Das Projekt TaWAN steht unter großem zeitlichen Druck, da mithilfe der Richtfunktechnologie die Kommunikationsanbindung der deutschen Litauen-Brigade bis nach Deutschland sichergestellt werden soll. Im Falle der zeitgerechten Ablieferung und Umsetzung dürfte das Vorhaben womöglich als Blaupause für andere europäische Nationen dienen, die parallel zur Datenübertragung mittels Satelliten eine Rückfalloption aufbauen wollen, sollte die Übertragung über den Weltraum gestört werden.

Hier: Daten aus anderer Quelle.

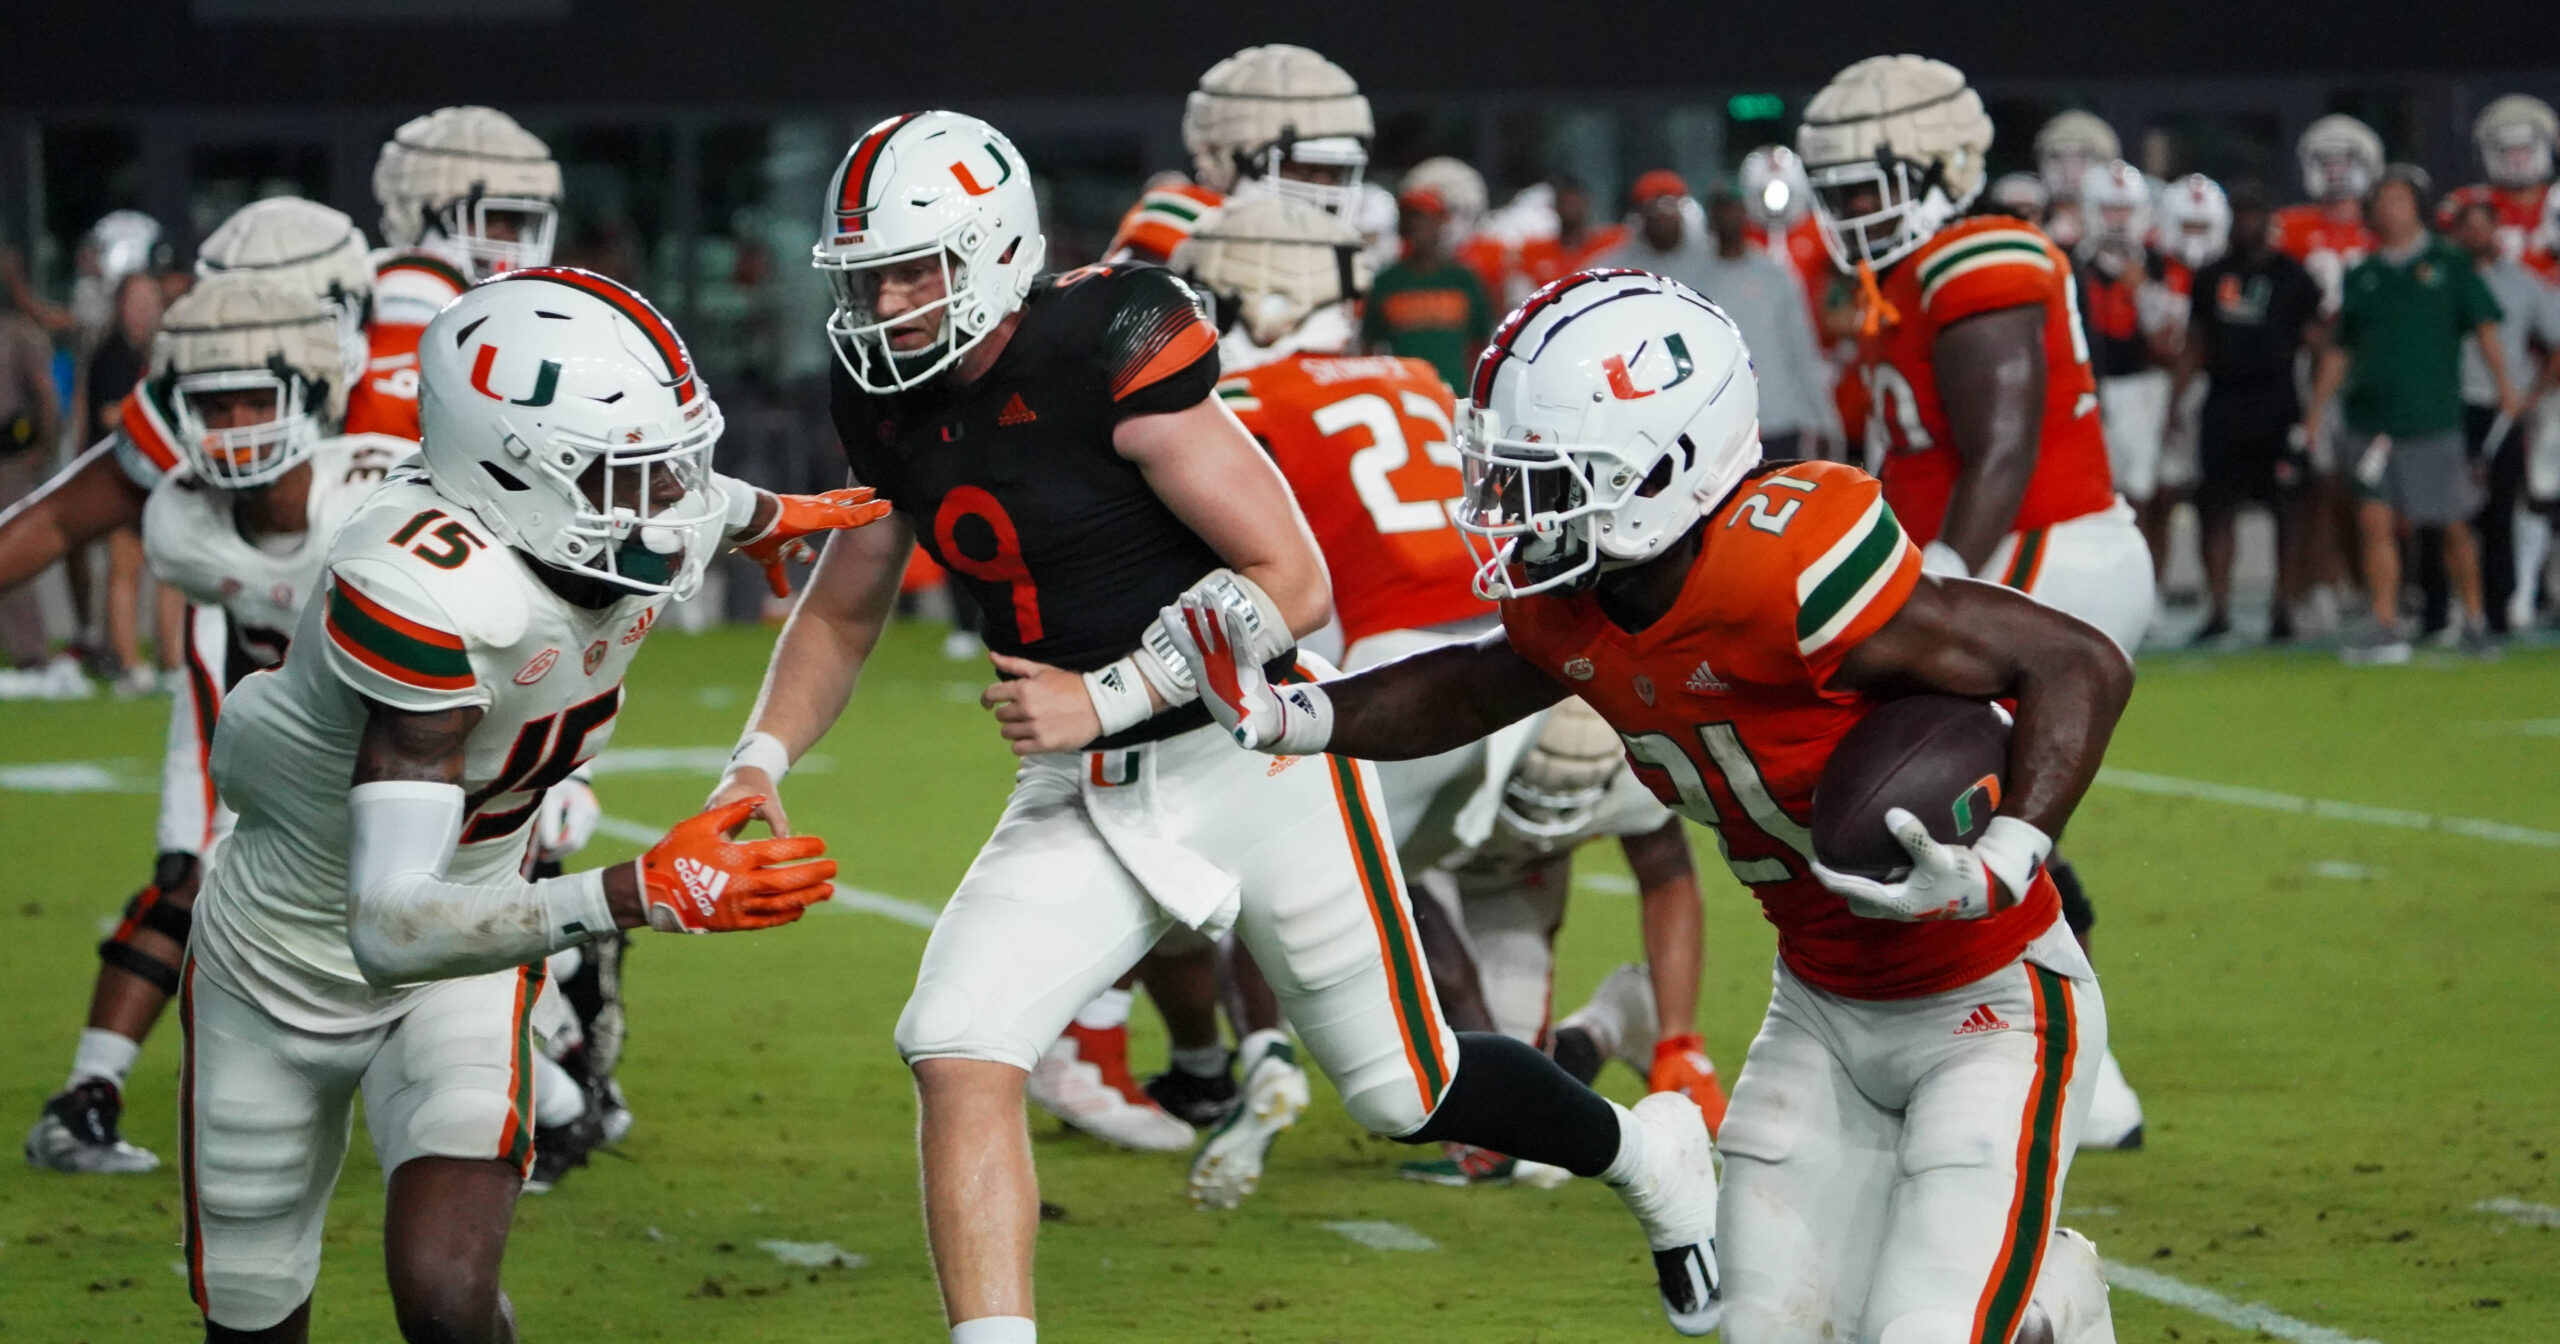 Post-Spring Analysis: Adding two talented freshmen backs in summer could shake up Miami Hurricanes RB room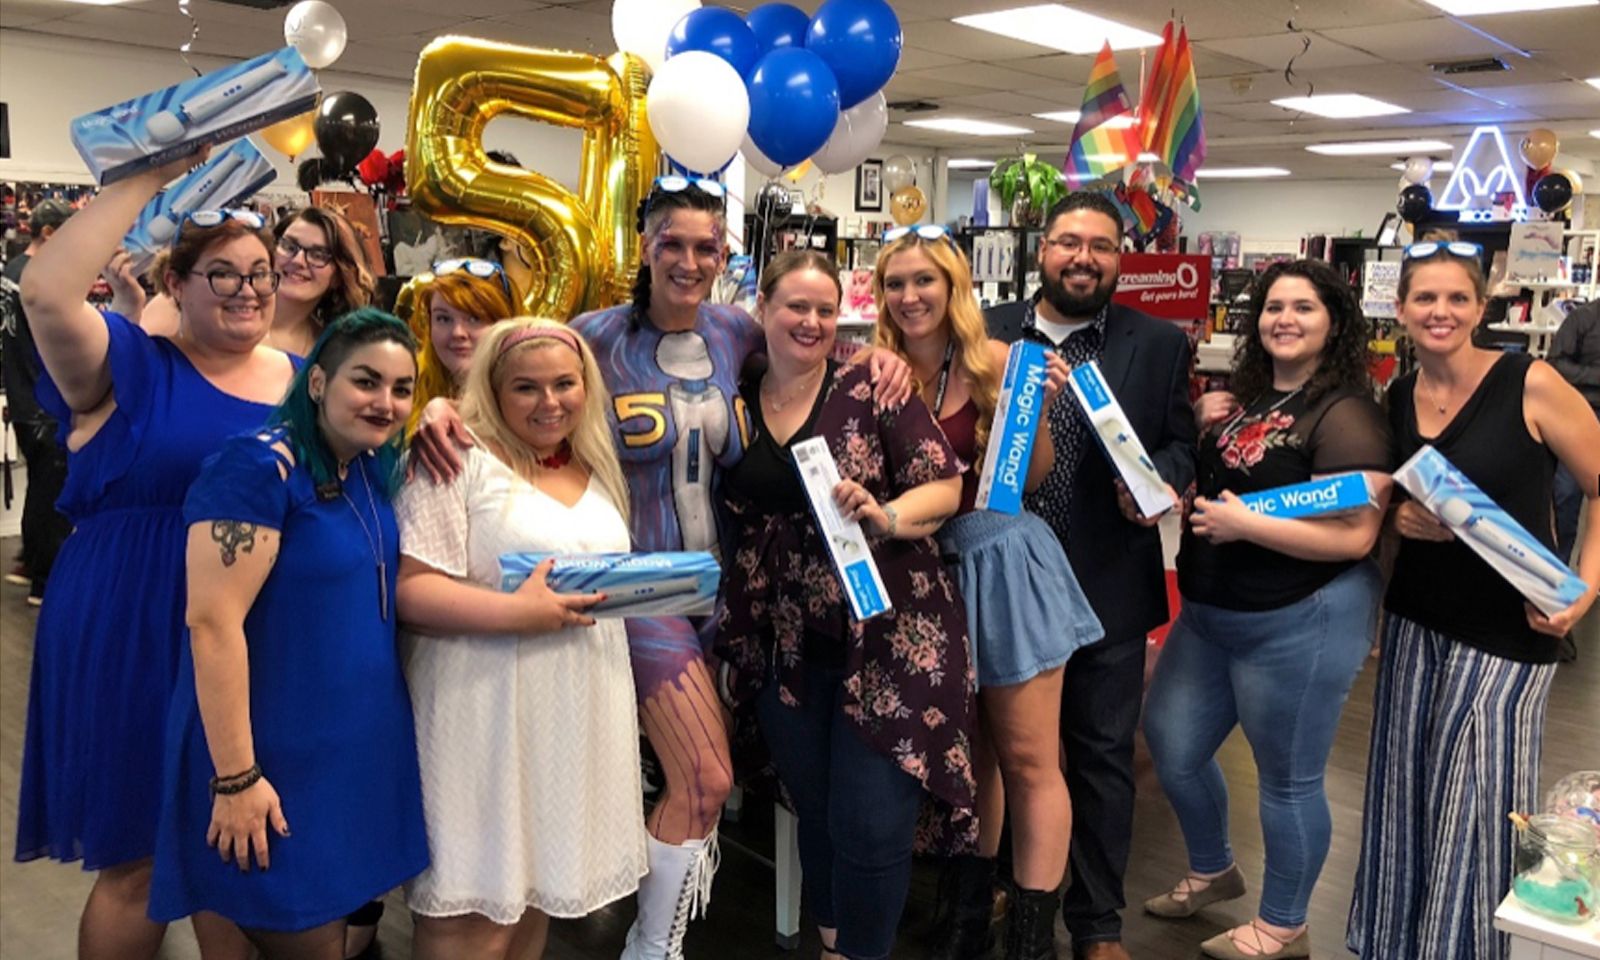 Fairvilla Throws Party to Celebrate Magic Wand’s 50 Years

Panzerabwehrminen als weiteres Wachstumsfeld
DND war in der Vergangenheit in erster Linie für schultergestützte Panzerabwehrwaffen wie die Panzerfaust 3 bekannt. Neben dem Aufbau der Digitalsparte stellt die Wiederaufnahme der Produktion von Panzerabwehrminen ein weiteres großes Wachstumsfeld für das Unternehmen dar. Vor dem Hintergrund des Angriffskrieges Russlands auf die Ukraine hat die Sperrung von Räumen für viele NATO-Streitkräfte, so auch die Bundeswehr, sprunghaft an Bedeutung gewonnen. Wie DND-CEO Michael Humbek vergangene Woche bei einem Parlamentarischen Abend seines Unternehmens in Berlin ausführte, war DND in den 80er-Jahren der größte Hersteller von Panzerabwehrminenwaffen. Er geht davon aus, dass das Unternehmen diese Position in Zukunft wieder einnehmen wird.
Im Rahmen der veränderten Bedrohungslage hat DND die seit den 80ern bei der Bundeswehr in Einsatz befindliche Wurfmine AT2 zur AT2+ weiterentwickelt und für den Ausstoß eine 10-Fuß-Plattform mit vier Werfern mit dem Namen Skorpion² konstruiert, die auf verschiedenen Fahrzeugen genutzt werden kann. Die AT2+ wurde ebenso wie Skorpion² im Juni vergangenen Jahres auf der Messe Eurosatory in Paris erstmals vorgestellt. Bei der AT2+ handelt es sich laut Hersteller um eine programmierbare, streuungsfähige Panzerabwehrmunition mit digitalisierter Steuerung und einem Multisensorsystem, welches unter der gesamten Breite eines Kampfpanzers wirkt.
Dem Vernehmen nach soll sich die AT2+ bereits in der Produktion befinden und noch im laufenden Jahr an einen Kunden geliefert werden. In der Vergangenheit waren mehrfach Berichte aufgetaucht, wonach die ukrainischen Streitkräfte die AT2 nutzen.
Die zweite Panzerabwehrmine, die von der Bundeswehr eingesetzt wird, ist die DM31. Zur Verlegung wurde erst vor wenigen Jahren das Minenlegesystem 85 reaktiviert. Insider gehen davon aus, dass die Bundeswehr großes Interessen sowohl an der Nachbeschaffung der Wurfmine als auch der Verlegemine hat. Allein der Bedarf der Bundeswehr, die nach Aussage von Kanzler Friedrich Merz zur stärksten konventionellen Armee Europas hochgerüstet werden soll, dürfte die Auftragsbücher von DND füllen. Wie Humbek bei der Veranstaltung sagte, hat sich der Umsatz von DND in den vergangenen Jahren stark erhöht. Er rechnet im laufenden Jahr mit Verkaufserlösen von mehr als 200 Millionen Euro bei rund 500 Mitarbeitern und Mitarbeiterinnen. Auf Sicht seien sogar 400 Millionen Euro denkbar.